Example: File Compression
use spring_batch_rs::{
core::{job::JobBuilder, step::StepBuilder},
tasklet::zip::ZipTaskletBuilder,
BatchError,
};
fn main() -> Result<(), BatchError> {
let zip_tasklet = ZipTaskletBuilder::new()
.source_path("./data")
.target_path("./backup.zip")
.compression_level(6)
.build()?;
let step = StepBuilder::new("backup_files")
.tasklet(&zip_tasklet)
.build();
let job = JobBuilder::new().start(&step).build();
job.run()
}
Custom Tasklets
You can create custom tasklets by implementing the Tasklet
trait:
use spring_batch_rs::core::step::{Tasklet, StepExecution, RepeatStatus};
use spring_batch_rs::BatchError;
use log::info;
struct DatabaseCleanupTasklet {
table_name: String,
days_to_keep: u32,
}
impl Tasklet for DatabaseCleanupTasklet {
fn execute(&self, step_execution: &StepExecution) -> Result<RepeatStatus, BatchError> {
info!("Cleaning up table: {} (keeping {} days)",
self.table_name, self.days_to_keep);
// Your cleanup logic here
// For example: DELETE FROM table WHERE created_at < NOW() - INTERVAL days_to_keep DAY
info!("Cleanup completed for step: {}", step_execution.name);
Ok(RepeatStatus::Finished)
}
}
Choosing the Right Model
Use Chunk-Oriented When | Use Tasklet When |
---|---|
Processing large datasets | Single operations |
Need transaction boundaries | File system operations |
ETL operations | Database maintenance |
Item-by-item processing | System administration |
Need fault tolerance | Custom business logic |
Combining Both Models
You can combine both processing models in a single job:
use spring_batch_rs::{
core::{job::JobBuilder, step::StepBuilder, item::PassThroughProcessor},
item::{csv::CsvItemReaderBuilder, json::JsonItemWriterBuilder},
tasklet::zip::ZipTaskletBuilder,
BatchError,
};
fn main() -> Result<(), BatchError> {
// Step 1: Process data (chunk-oriented)
let reader = CsvItemReaderBuilder::<Product>::new()
.from_path("input.csv");
let writer = JsonItemWriterBuilder::new()

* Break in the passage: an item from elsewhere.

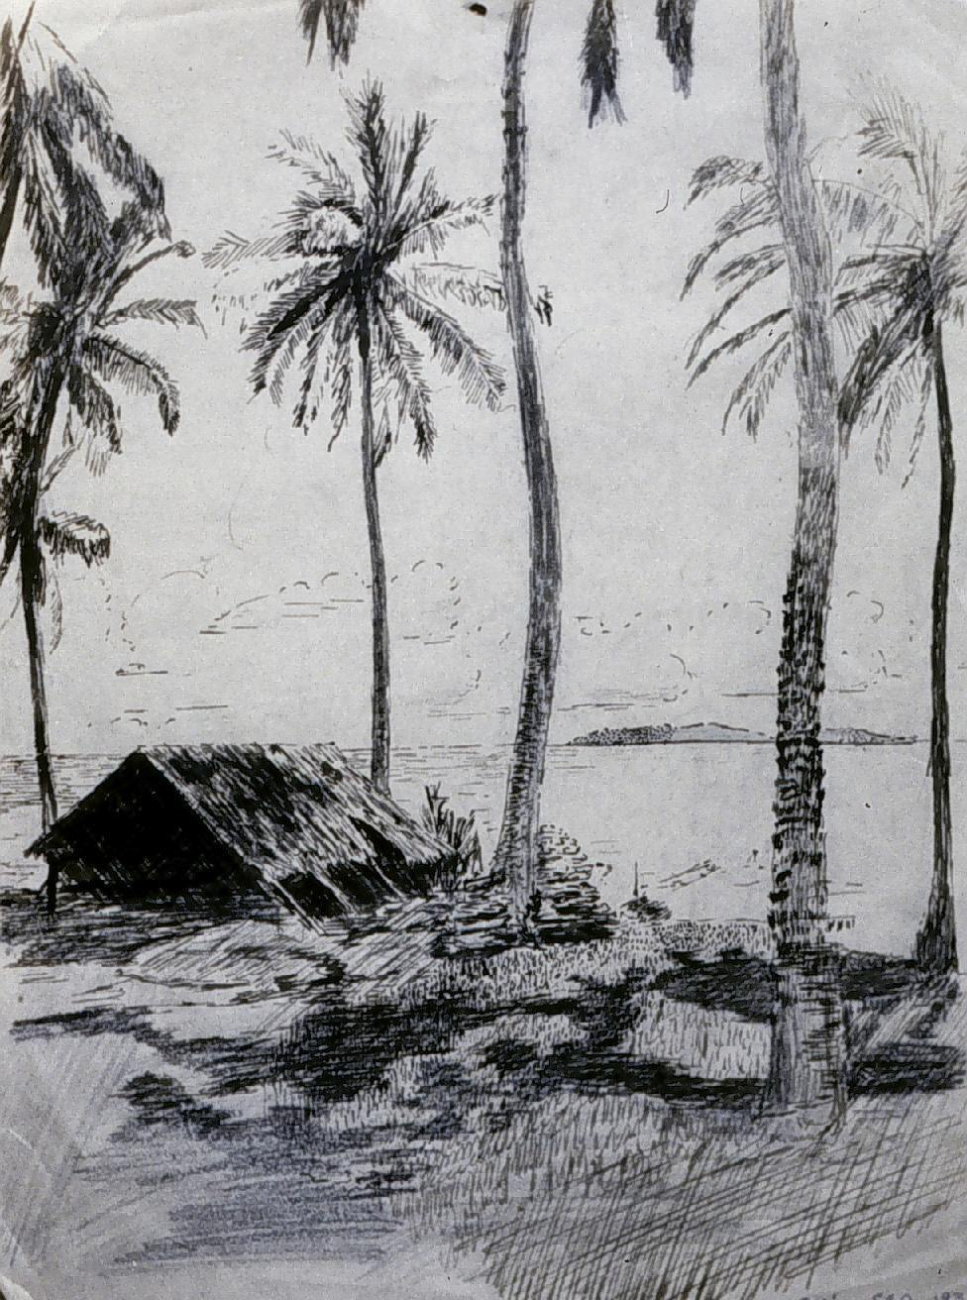 Sketch of a Coast Survey camp site

.from_path("output.json");
let processor = PassThroughProcessor::<Product>::new();
let process_step = StepBuilder::new("process_data")

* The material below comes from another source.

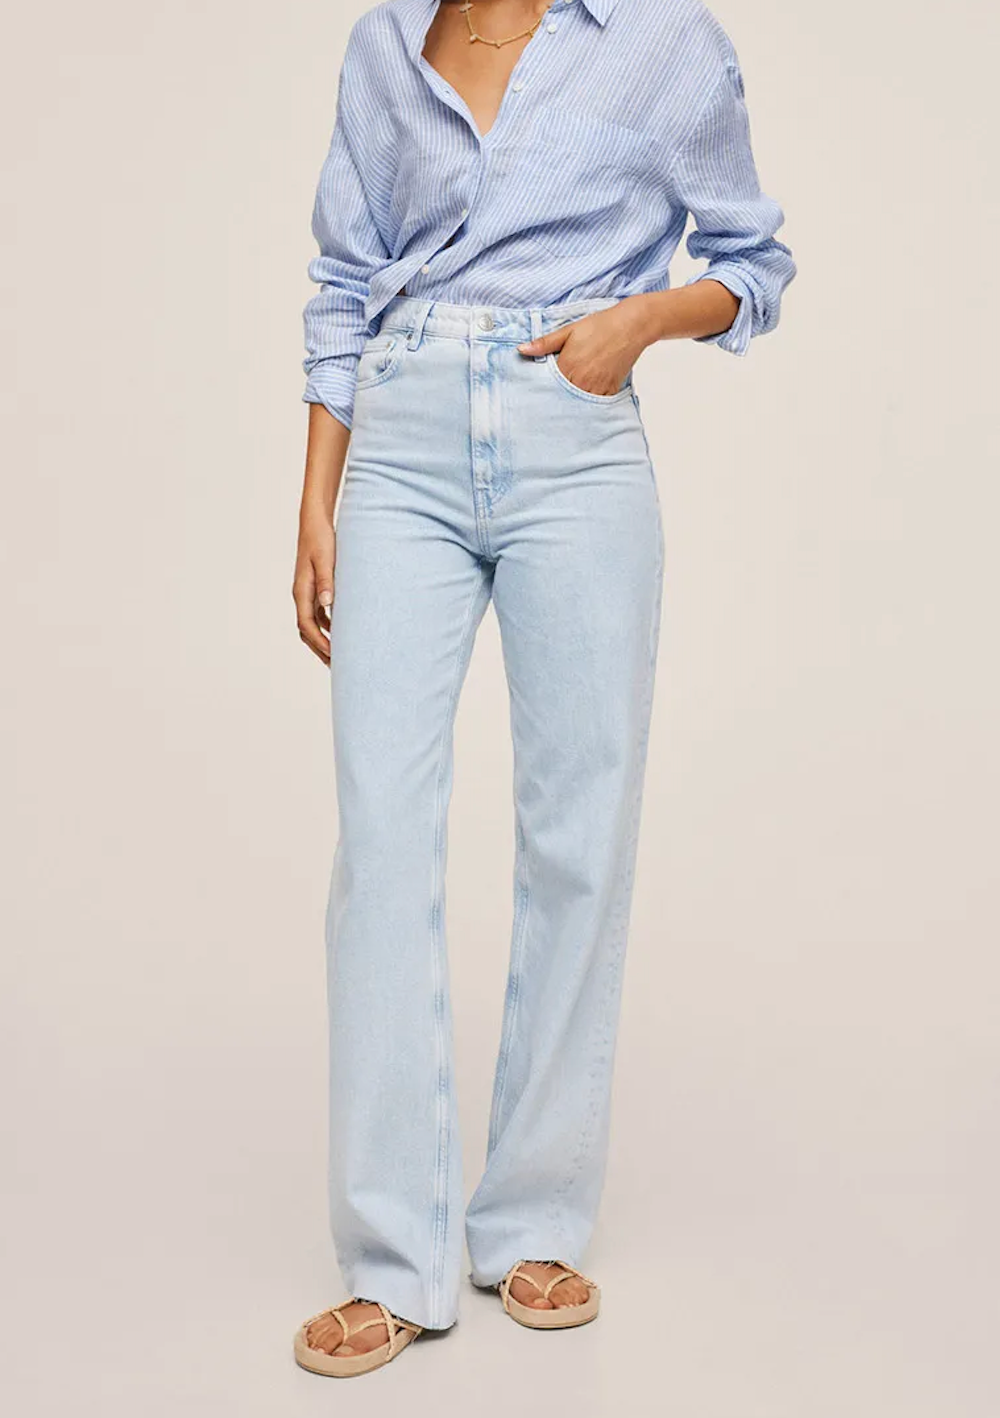 Майкаалкоголичка джинсы и мюли  летний образ от Кендалл Дженнер. Как повторить

.chunk::<Product, Product>(100)
.reader(&reader)
.processor(&processor)
.writer(&writer)
.build();
// Step 2: Archive results (tasklet)
let zip_tasklet = ZipTaskletBuilder::new()

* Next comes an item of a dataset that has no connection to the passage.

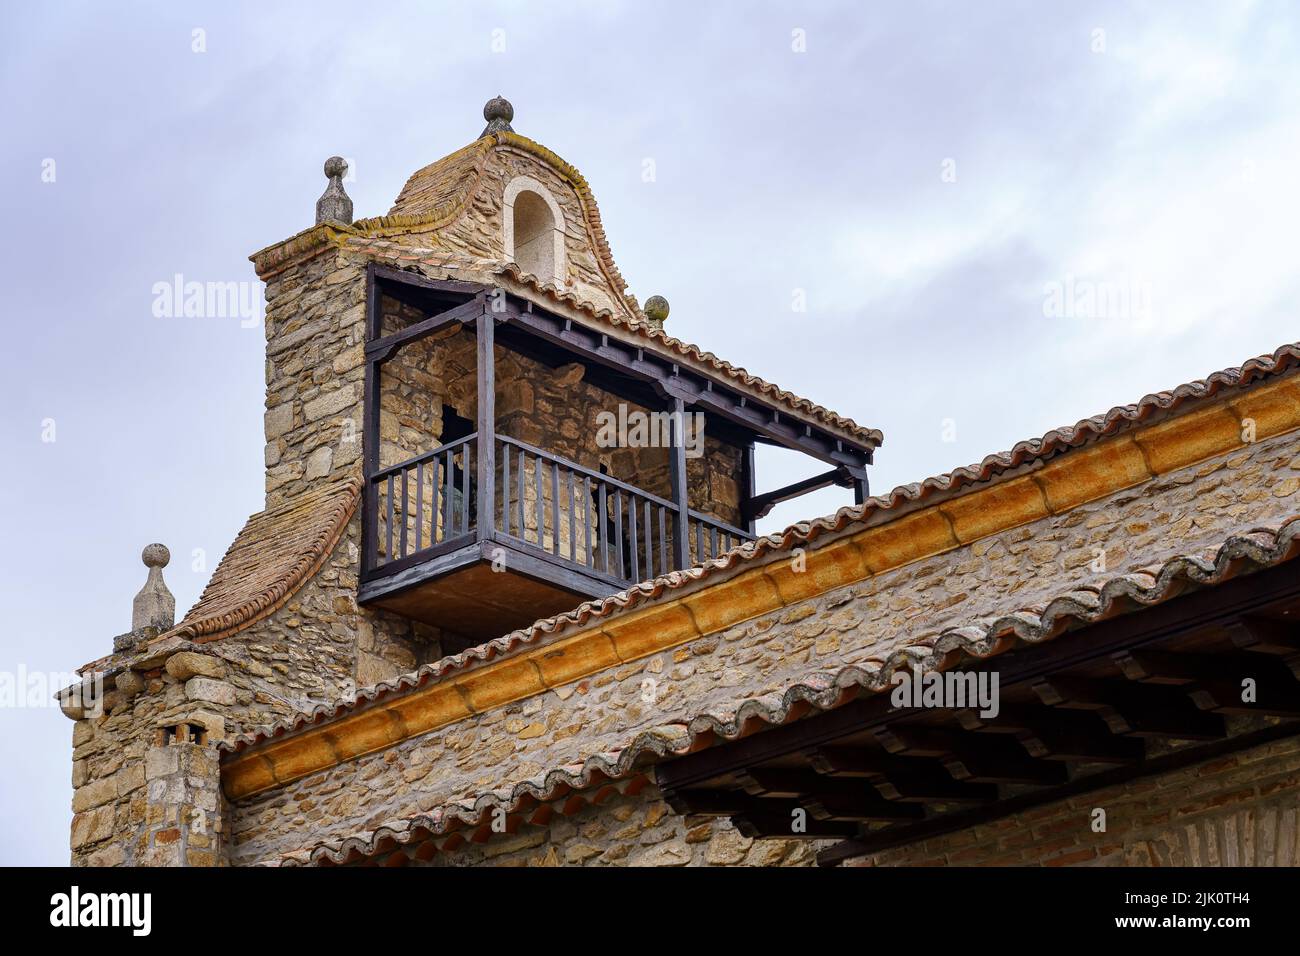 Antico campanile medievale in pietra con balcone sul tetto del campanile. Horcajuelo Madrid. Spagna. Foto Stock

.source_path("./output.json")
.target_path("./results.zip")
.build()?;
let archive_step = StepBuilder::new("archive_results")
.tasklet(&zip_tasklet)
.build();
// Combine both steps in one job
let job = JobBuilder::new()
.start(&process_step)
.next(&archive_step)
.build();
job.run()
}
This approach allows you to build complex batch workflows that leverage the strengths of both processing models.